= Problem requirements =
The entries below contain a line with "The Red Army Ensemble" and a line with "Gair Palace Pistacchio, Beige". Retype exactly everything from the first down to the second, both included, and nothing else.

= Data extracts =

══════════

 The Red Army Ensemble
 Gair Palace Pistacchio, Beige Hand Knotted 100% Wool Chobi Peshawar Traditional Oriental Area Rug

══════════

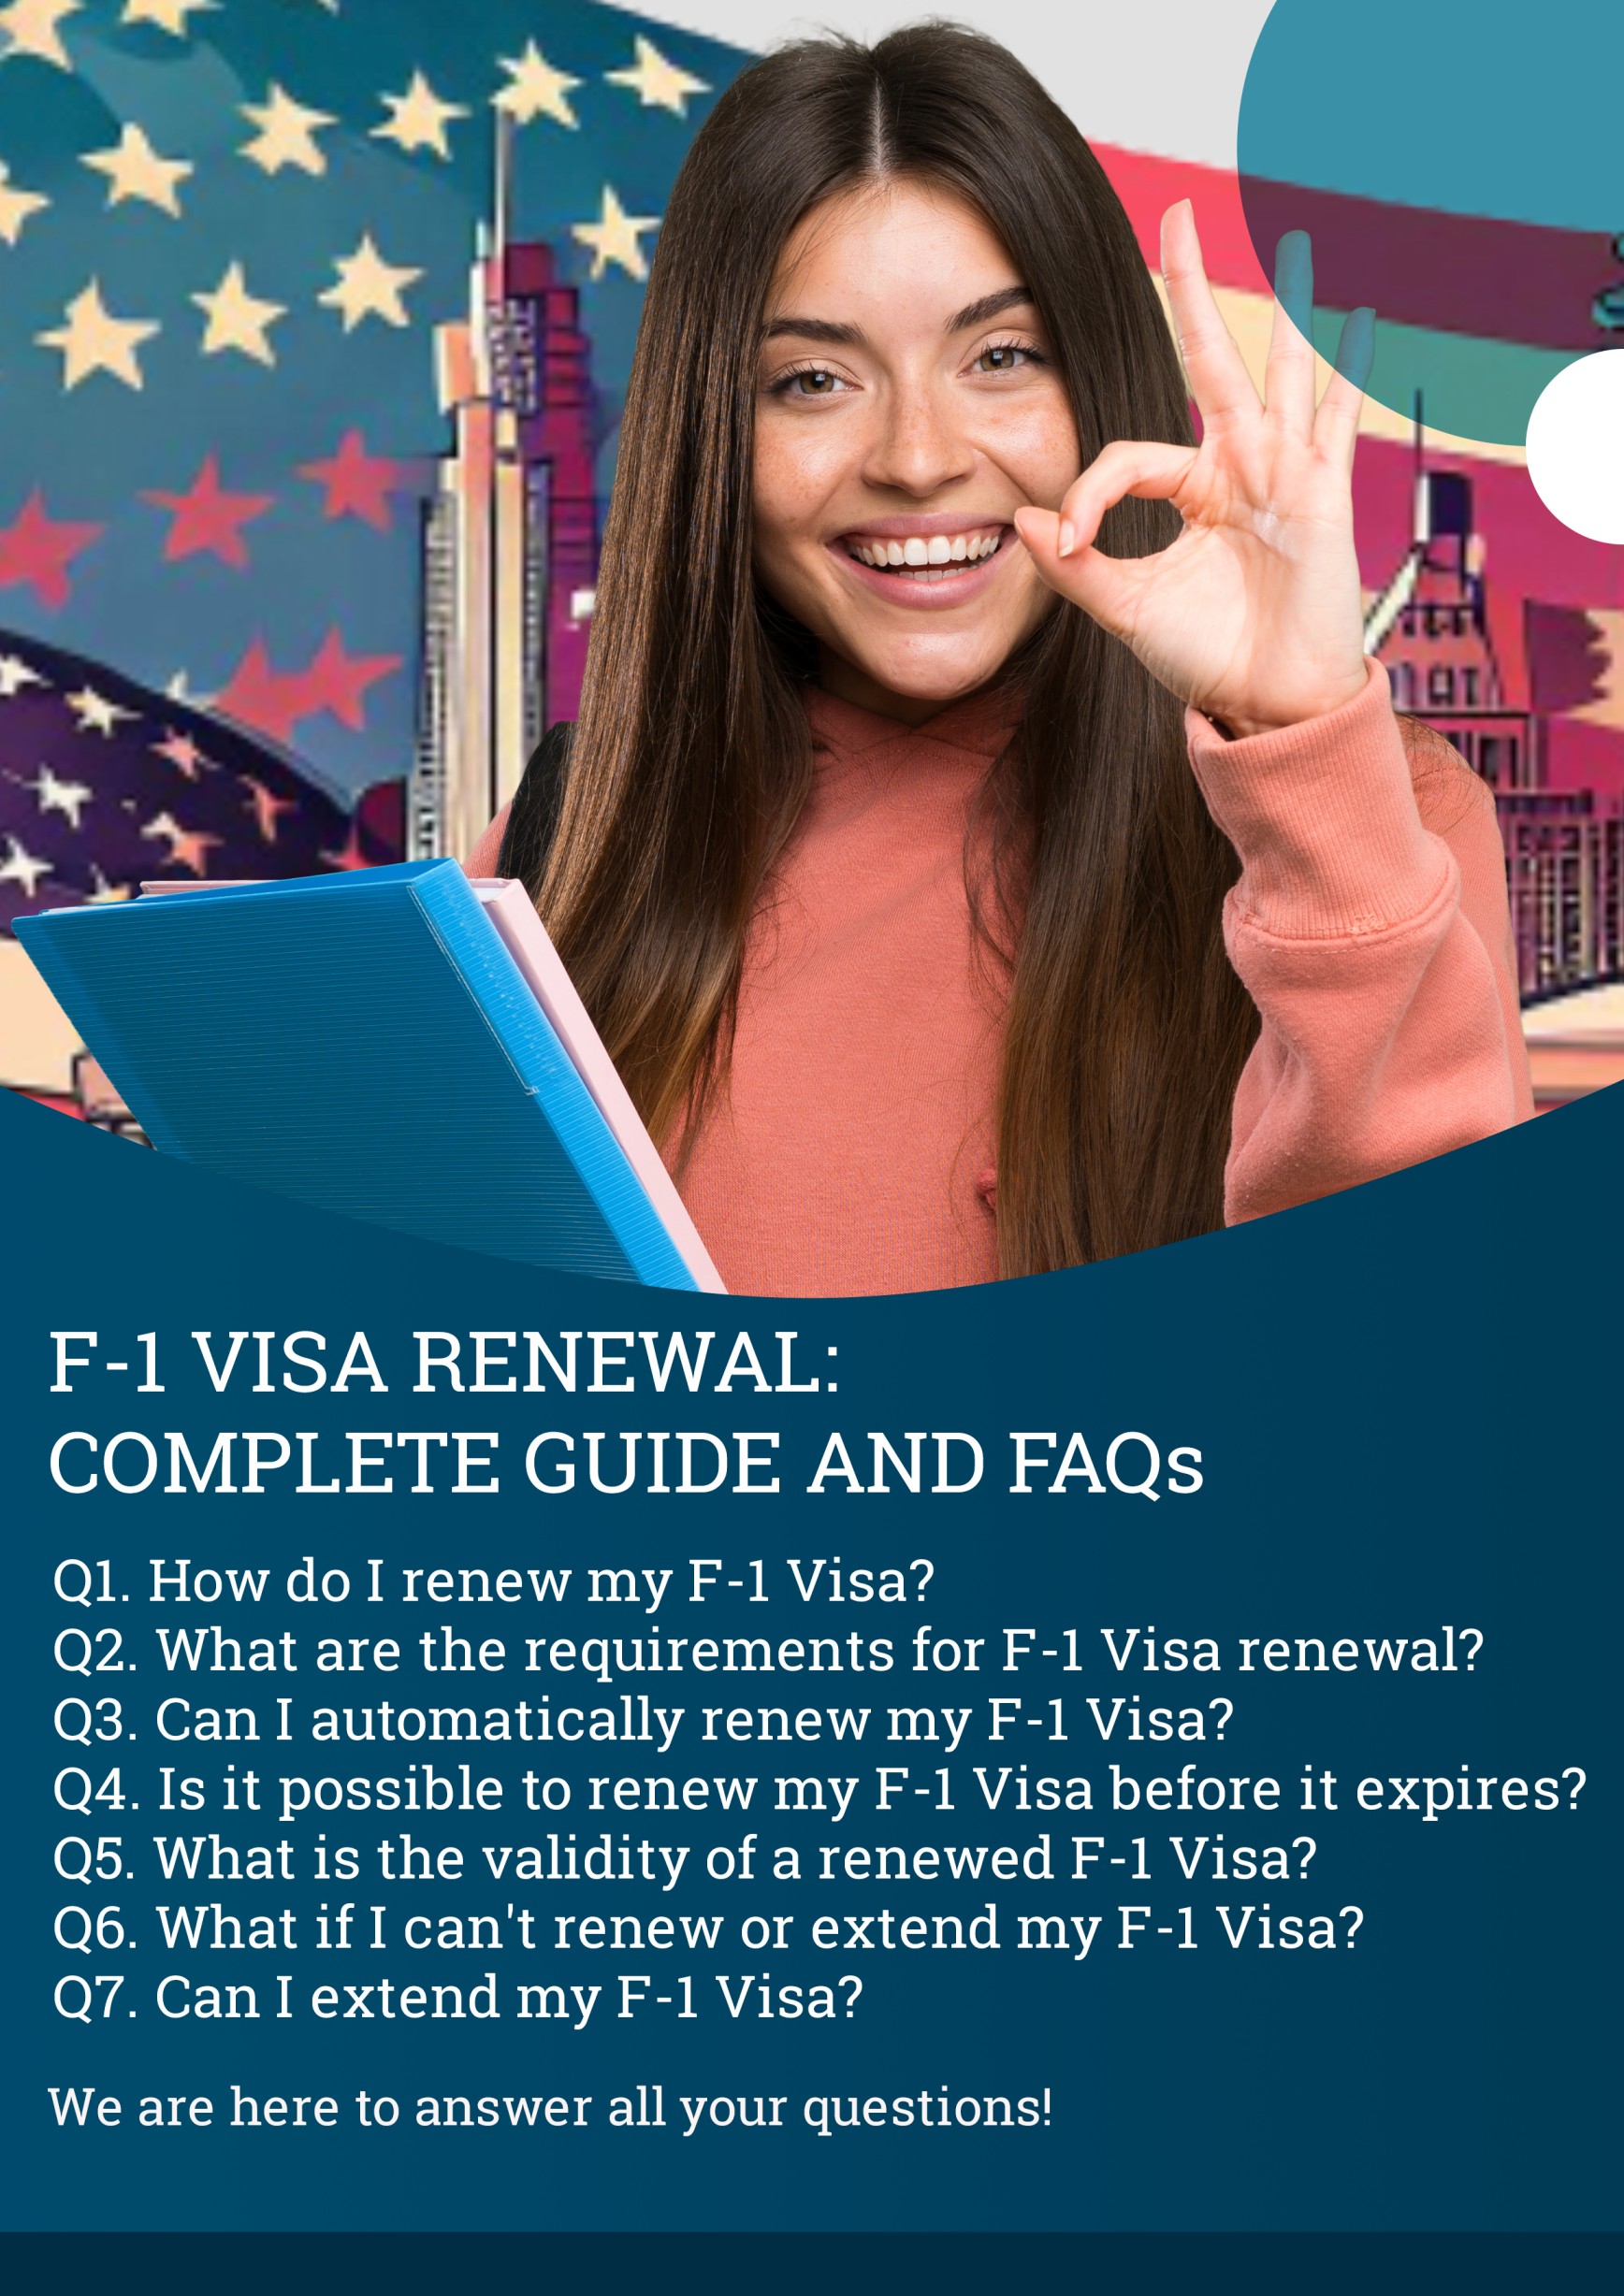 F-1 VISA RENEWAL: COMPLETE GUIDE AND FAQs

══════════

= Result below =
 The Red Army Ensemble
 Gair Palace Pistacchio, Beige Hand Knotted 100% Wool Chobi Peshawar Traditional Oriental Area Rug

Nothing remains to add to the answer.